* _Material provided_:
○ ○ ○ ○

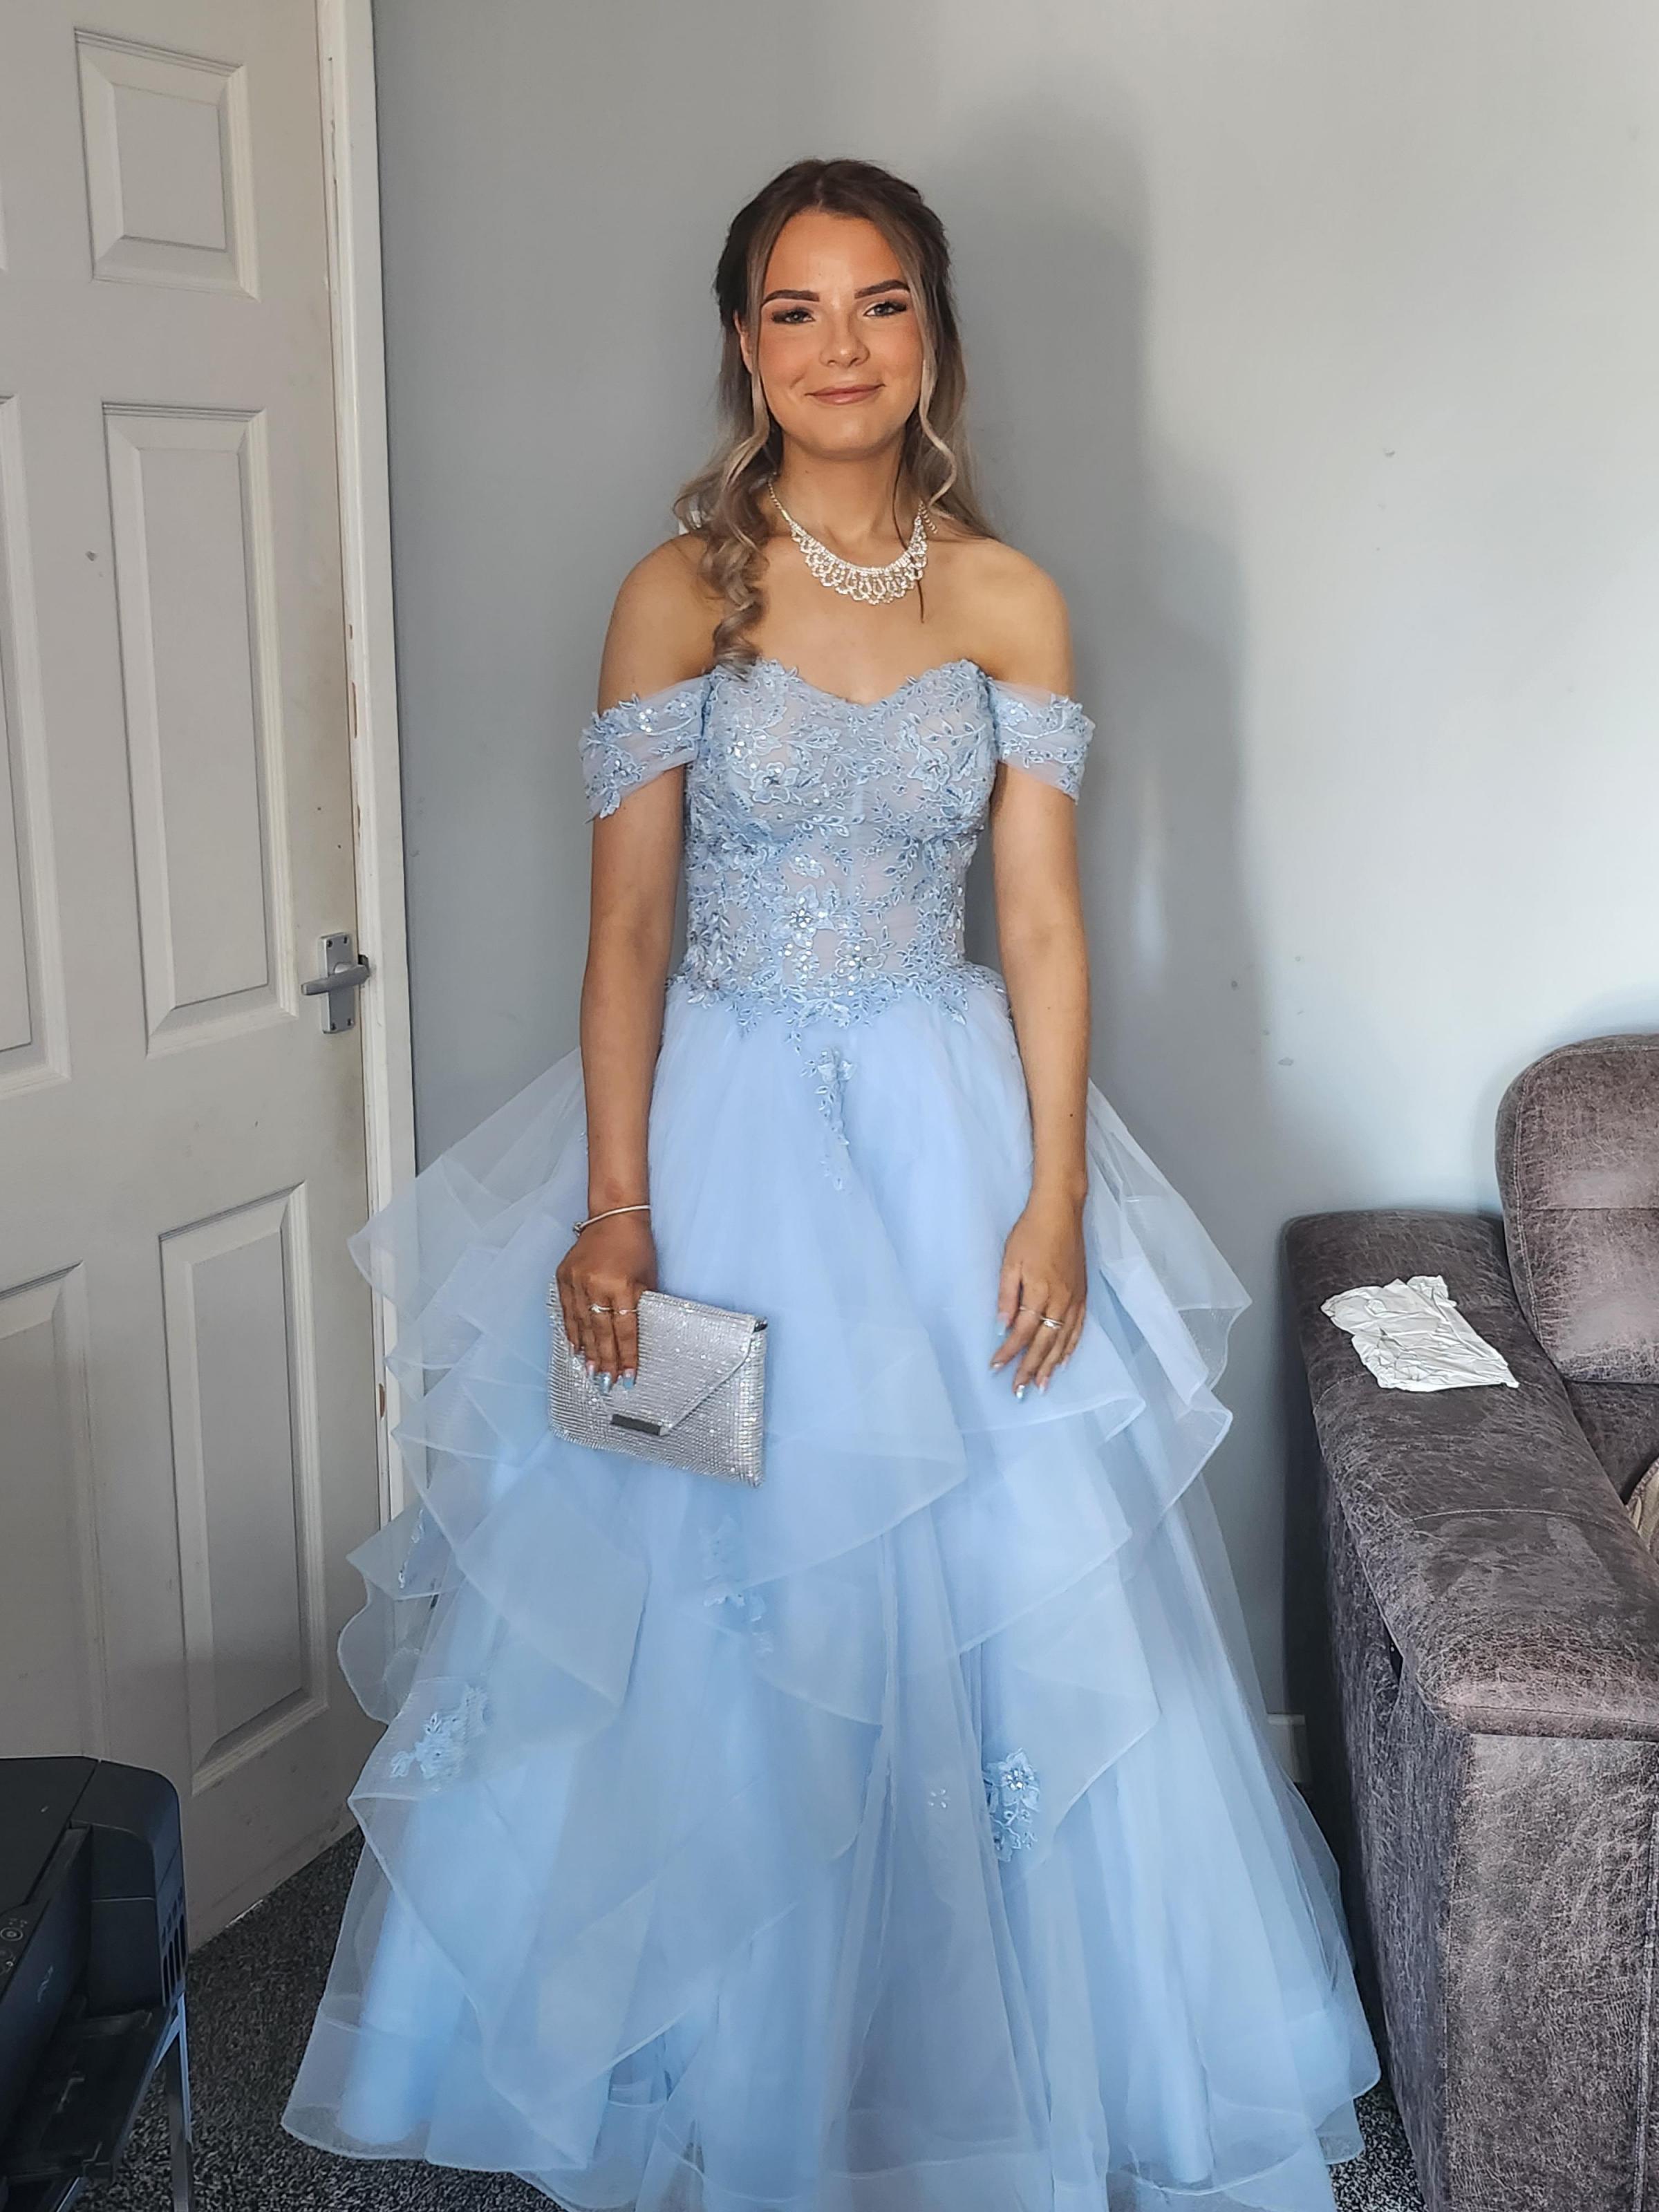 Cinderella (Amber Jones) ready for her ball, the Ysgol Rhiwabon prom.
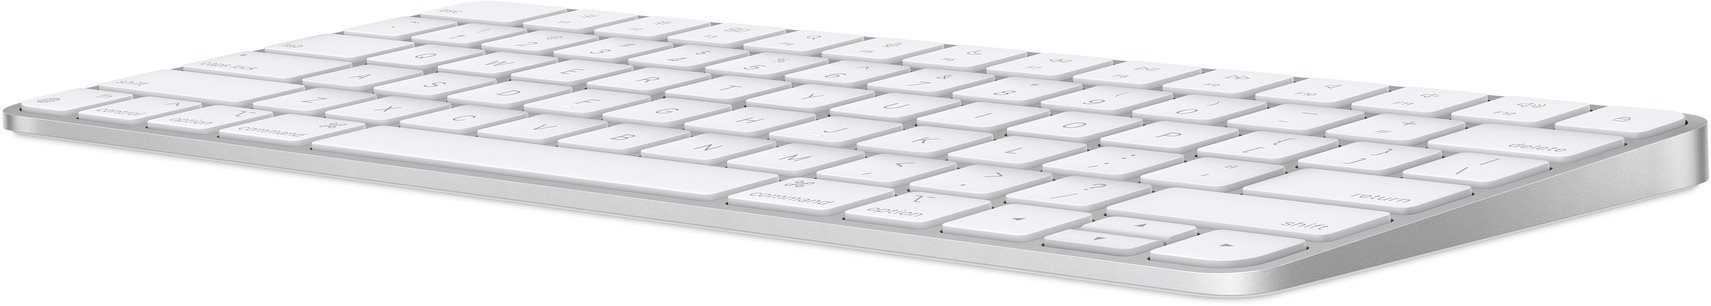 Klávesnice Apple Magic Keyboard - EN Int. Boční pohled
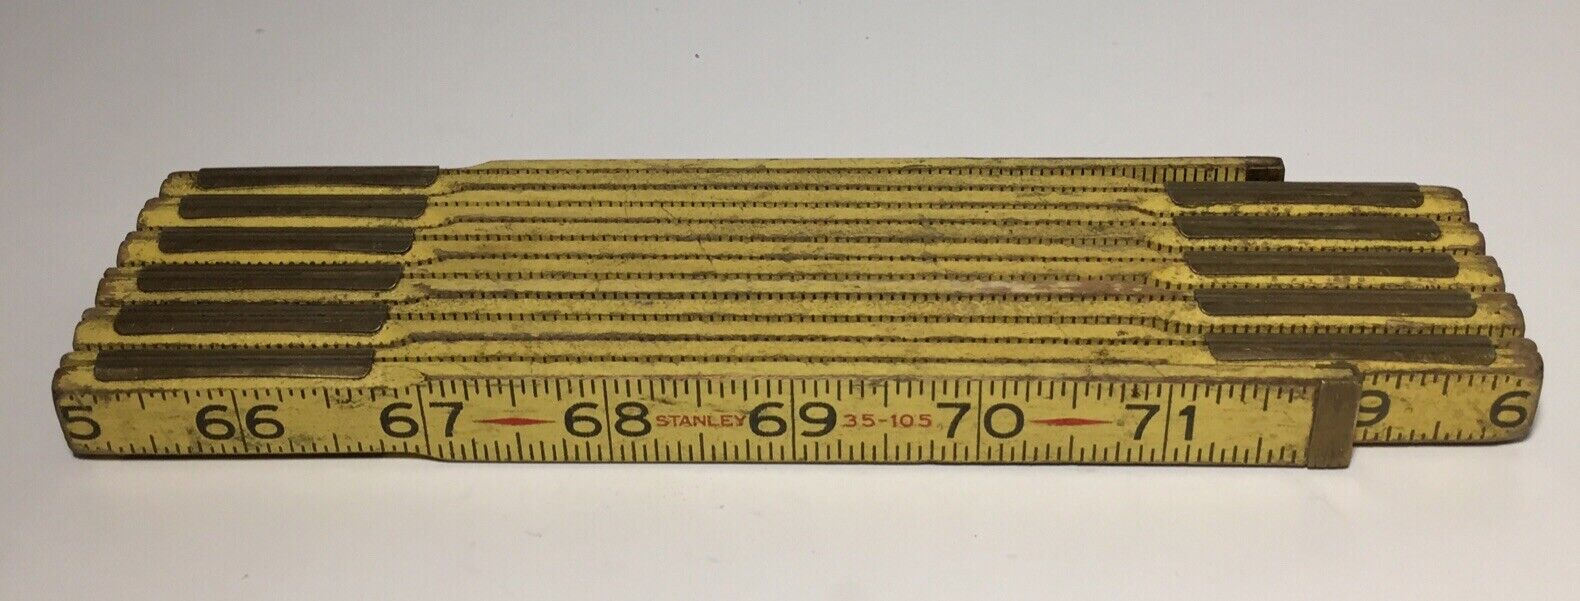 Vintage STANLEY Wooden Folding Ruler Zig Zag Rule Measure 35-105 Wood Tool

○ ○ ○ ○

* _Prompt_: Every line above should be copied exactly, apart from any pictures.

* _Solution below_:
 Cinderella (Amber Jones) ready for her ball, the Ysgol Rhiwabon prom.
 Klávesnice Apple Magic Keyboard - EN Int. Boční pohled
 Vintage STANLEY Wooden Folding Ruler Zig Zag Rule Measure 35-105 Wood Tool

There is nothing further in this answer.